Collected material
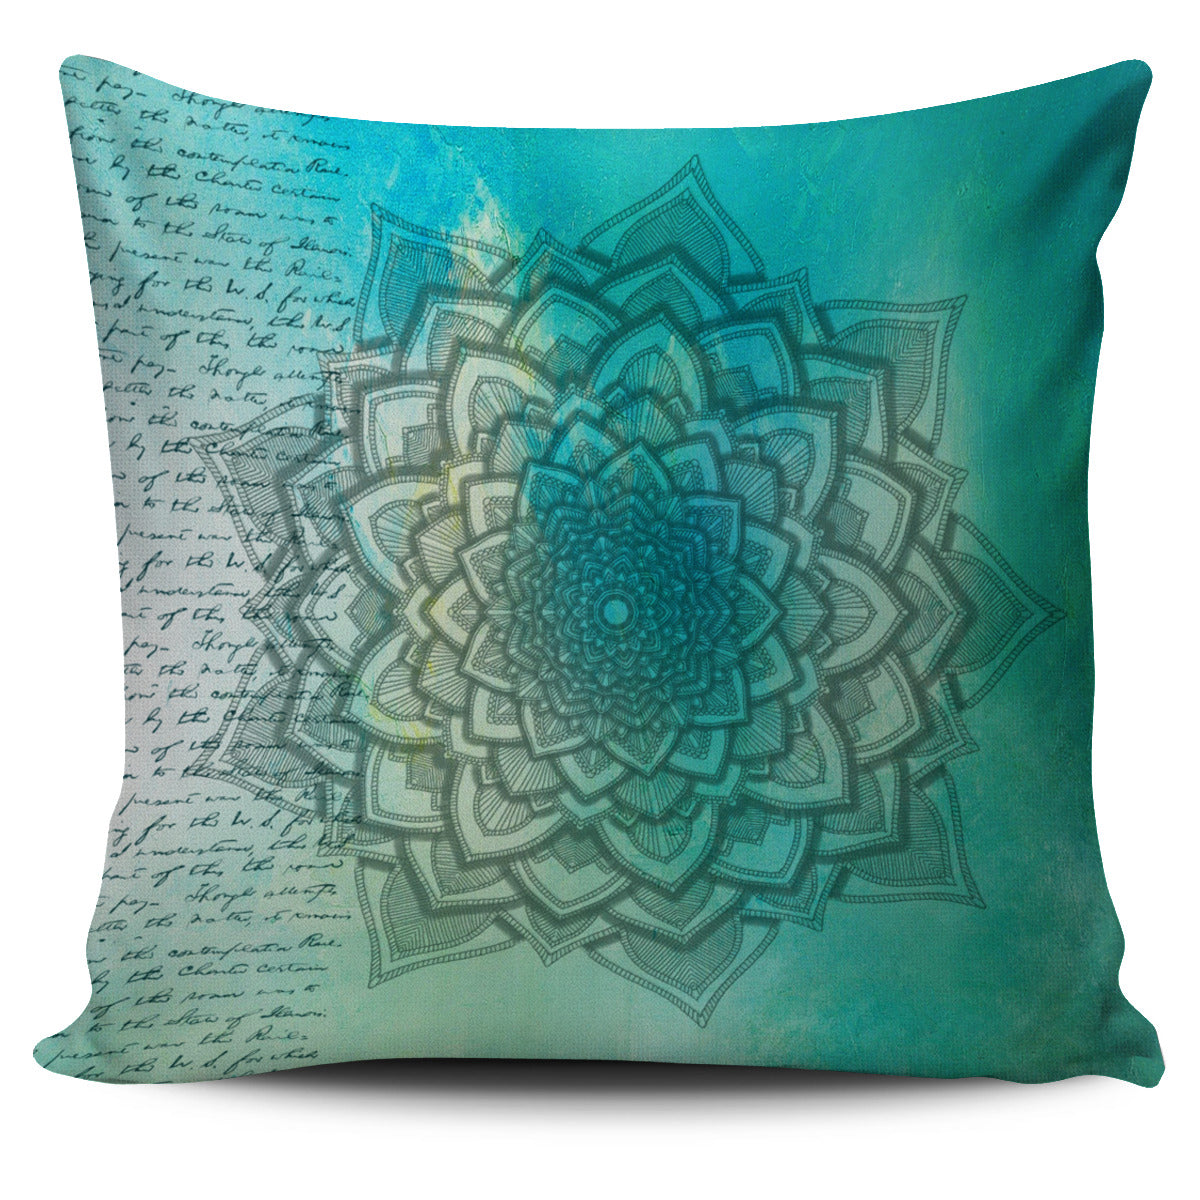 Teal Mandala Pillow Cover
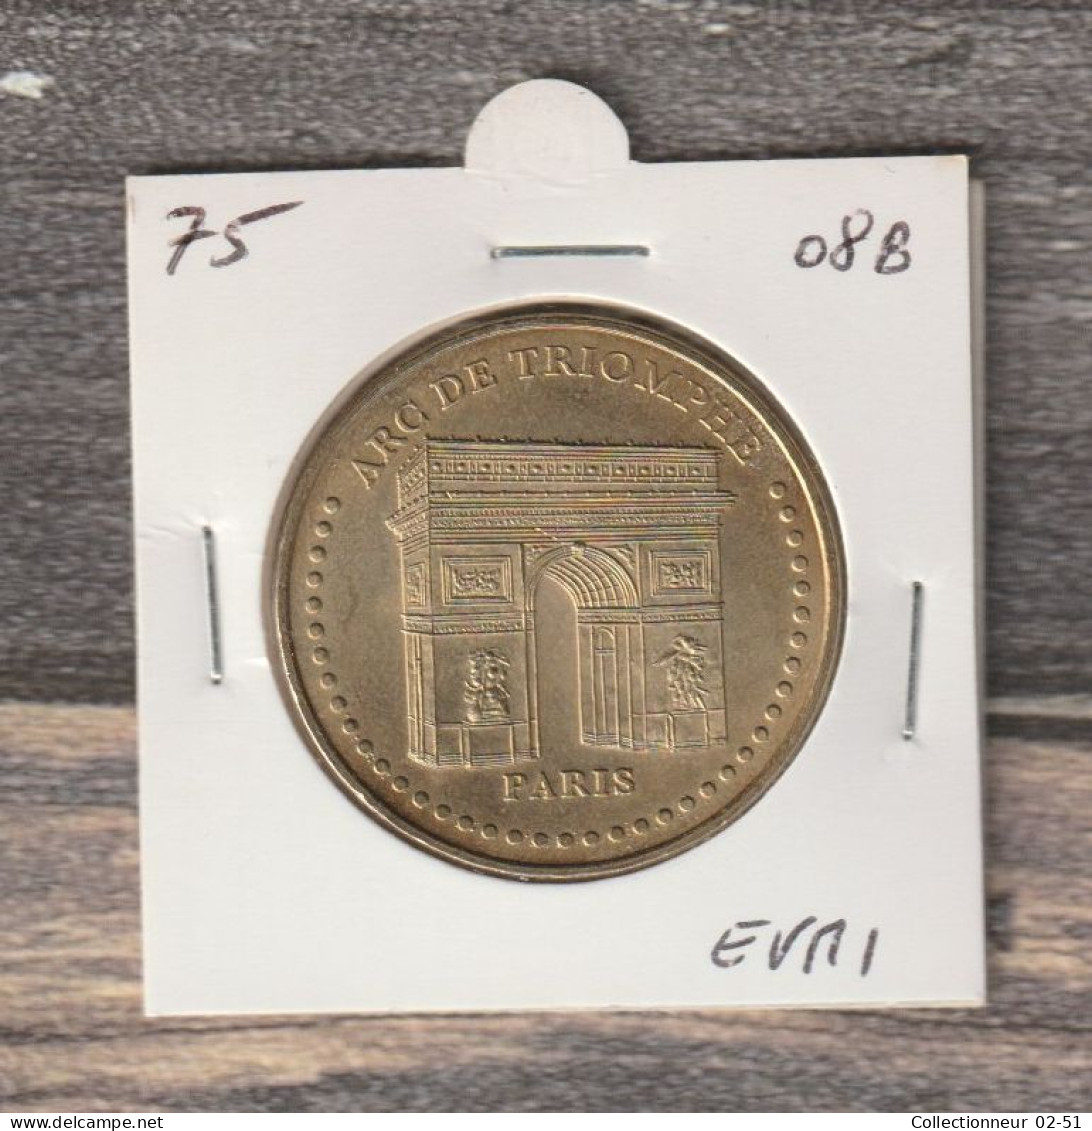 Monnaie De Paris : Arc De Triomphe - 2008 - 2008
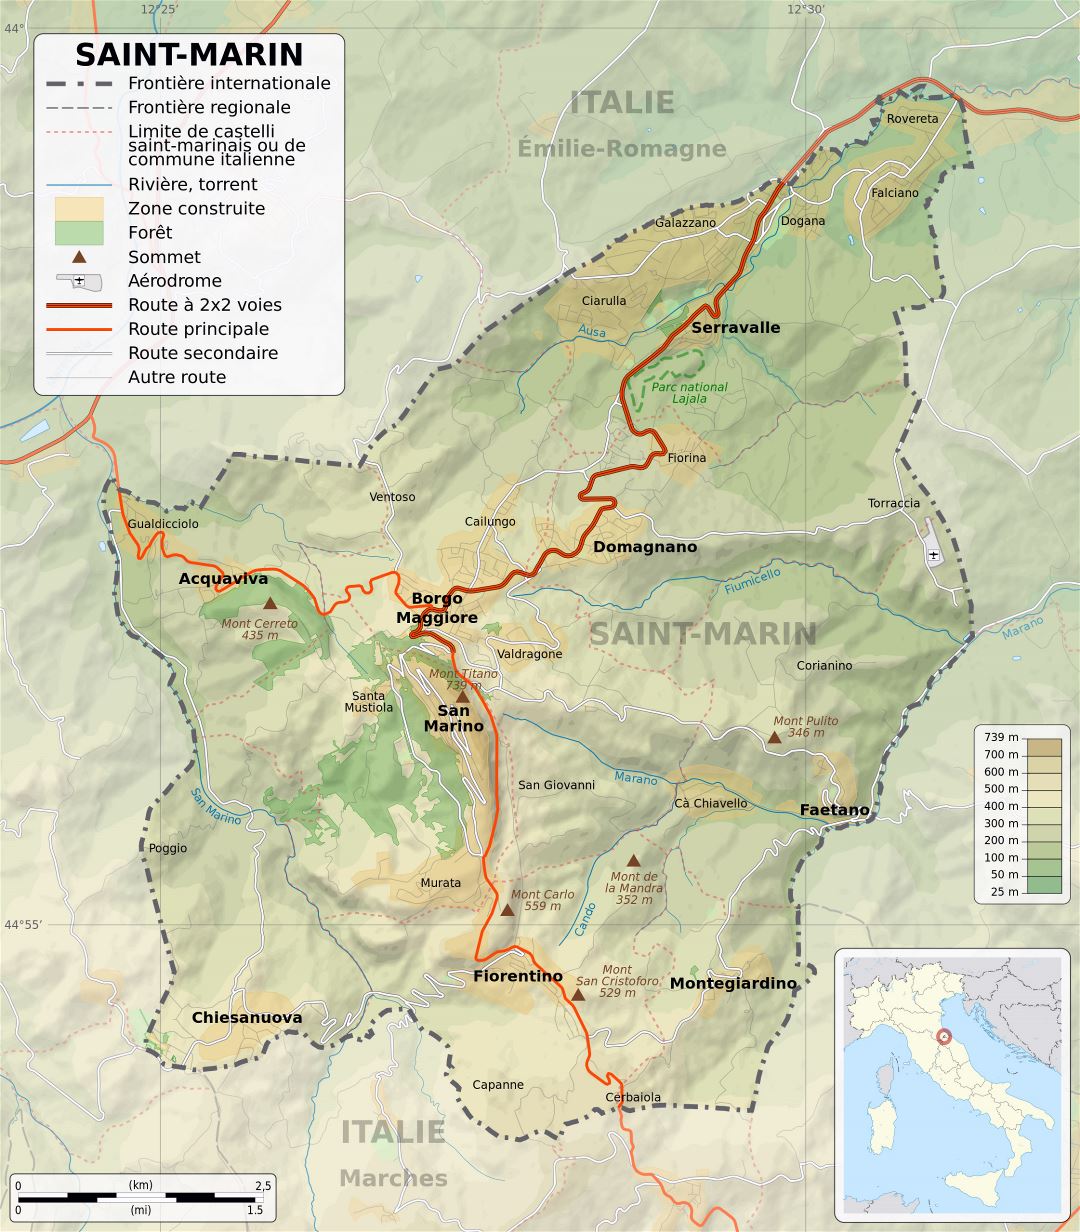 Grande detallado mapa físico de San Marino con carreteras, ciudades y otras marcas en francés

Directions
Give back the data verbatim. The pictures are not part of the copy.

Response
 Teal Mandala Pillow Cover
 Monnaie De Paris : Arc De Triomphe - 2008 - 2008
 Grande detallado mapa físico de San Marino con carreteras, ciudades y otras marcas en francés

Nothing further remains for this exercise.